Previous studies involving benzene exposure and childhood AML statistically reported their results as odds ratio (OR) and/or risk ratio (RR). OR stands for the ratio of an event’s odds in one group (for example, the exposed group) to its odds in the other group (for example, the nonexposed group); the risk ratio (RR) stands for the ratio of the risk of an event in one group to the risk of an event in the other group. An OR or RR greater than 1.0 indicates an increase in odds or risk among the exposed group compared to the unexposed one. Conditional and unconditional logistic regressions are typically used to fit the data of these studies, hence estimating the ORs, and RRs [25,26,27]. Matching is used in case-control studies to adjust for confounding data, ensuring that regression is possible when there is not enough overlap in confounding variables between cases and a set of controls. Age, sex, and race are typical confounders suggested by descriptive epidemiology [28]. Since the distribution of these variables may differ between cases and controls, matching is commonly used to select cases and controls with similar distributions of similar variables. Unmatched case-control studies, on the other hand, are typically analyzed using unconditional logistic regression (ULR) due to their robust estimates and effectiveness if there are few confounders to adjust for [23,27]. ULR involves producing exposure-disease strata for each level of the confounder and then producing an average effect across the data. This method is also effective when there are no problems with sparse data, no loss of validity, and a potential increase in precision [29].
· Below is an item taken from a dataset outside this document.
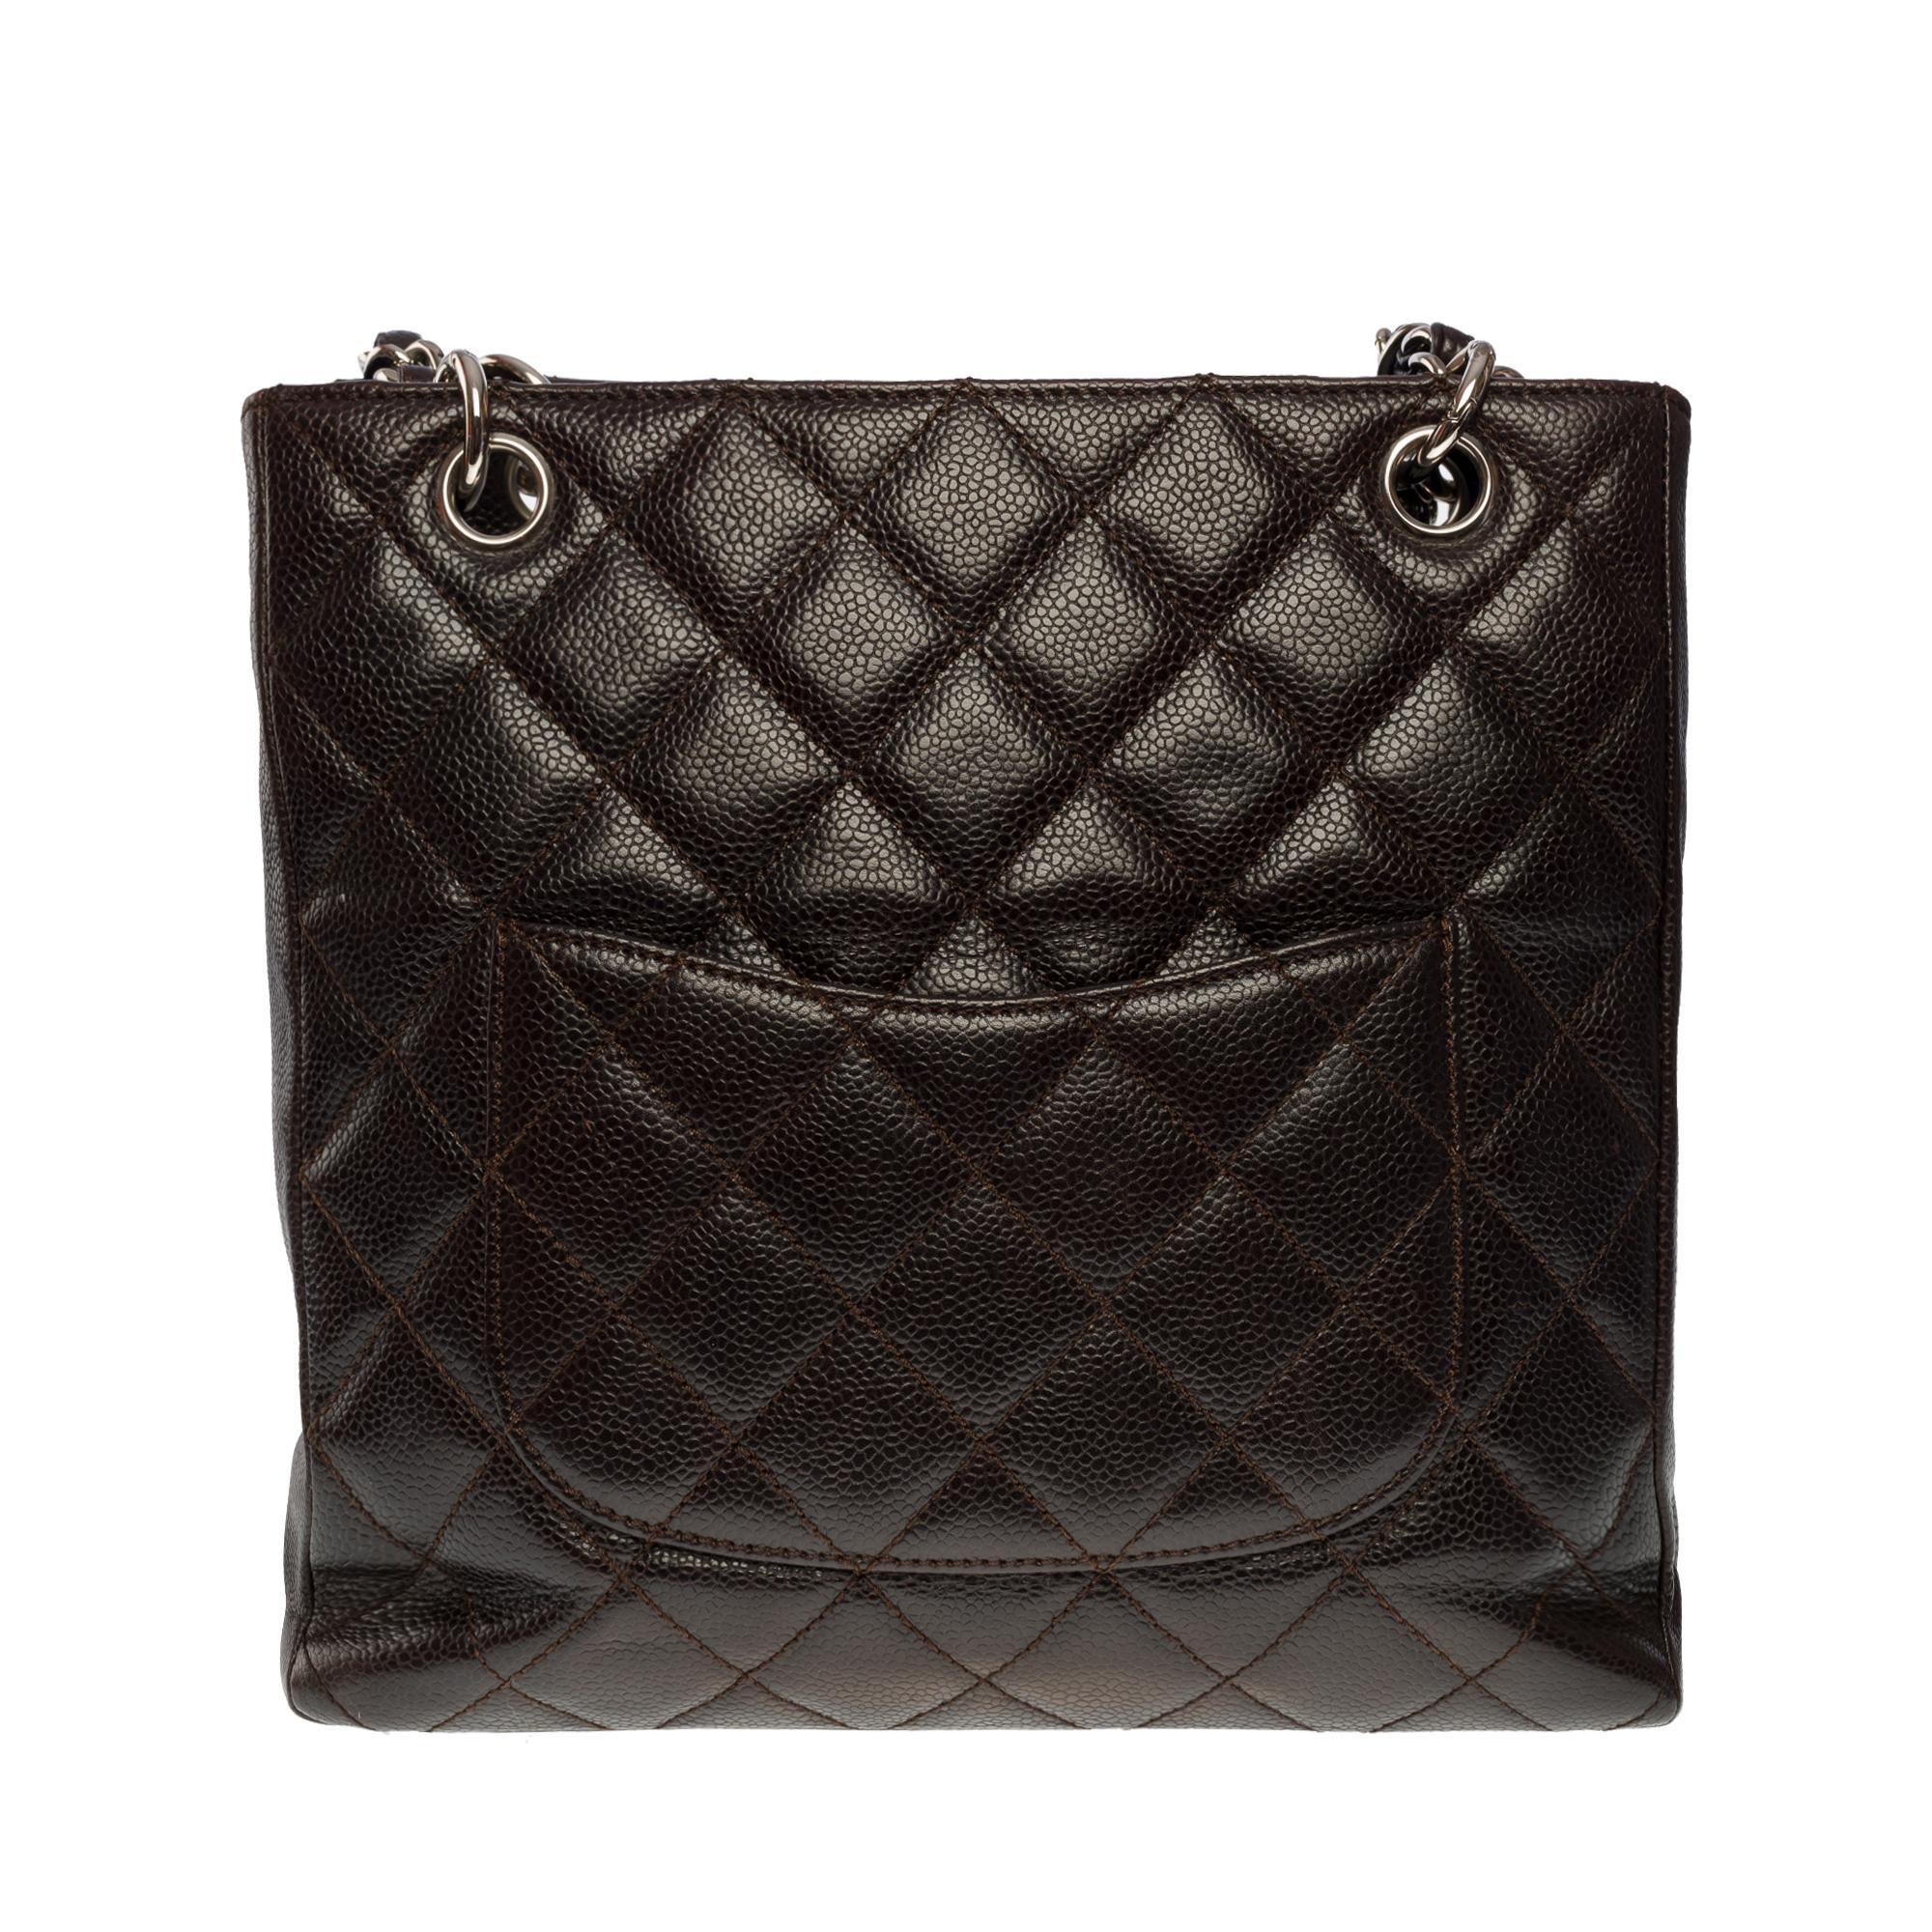 Chanel Pst Tote - 2 For Sale on 1stDibs

ULR makes the events log-odds a linear mixture of one or more independent factors, predicting the likelihood that an event will occur [30]. Similar to other regressions, this method shows where there is a relationship between these variables. Nevertheless, this relationship cannot always imply causation; in other words, regression does not determine causation. In statistics, the causal analysis goes one step further than the standard statistical analysis in assessing the parameters of a distribution, aiming to infer probabilities under changing conditions and understanding the actual effect of a specific phenomenon happening in a system.

1.2. Current Trends in Estimating Causation for Health Outcomes Using Machine Learning Methods

Causal analysis can be sometimes inaccurate, as in complex systems, it is difficult to make causal arguments based on single correlation coefficients. To overcome this challenge, recent machine learning (ML) approaches have been developed, based on causal pattern recognition, providing robustness in accurately modeling counterfactual scenarios [31].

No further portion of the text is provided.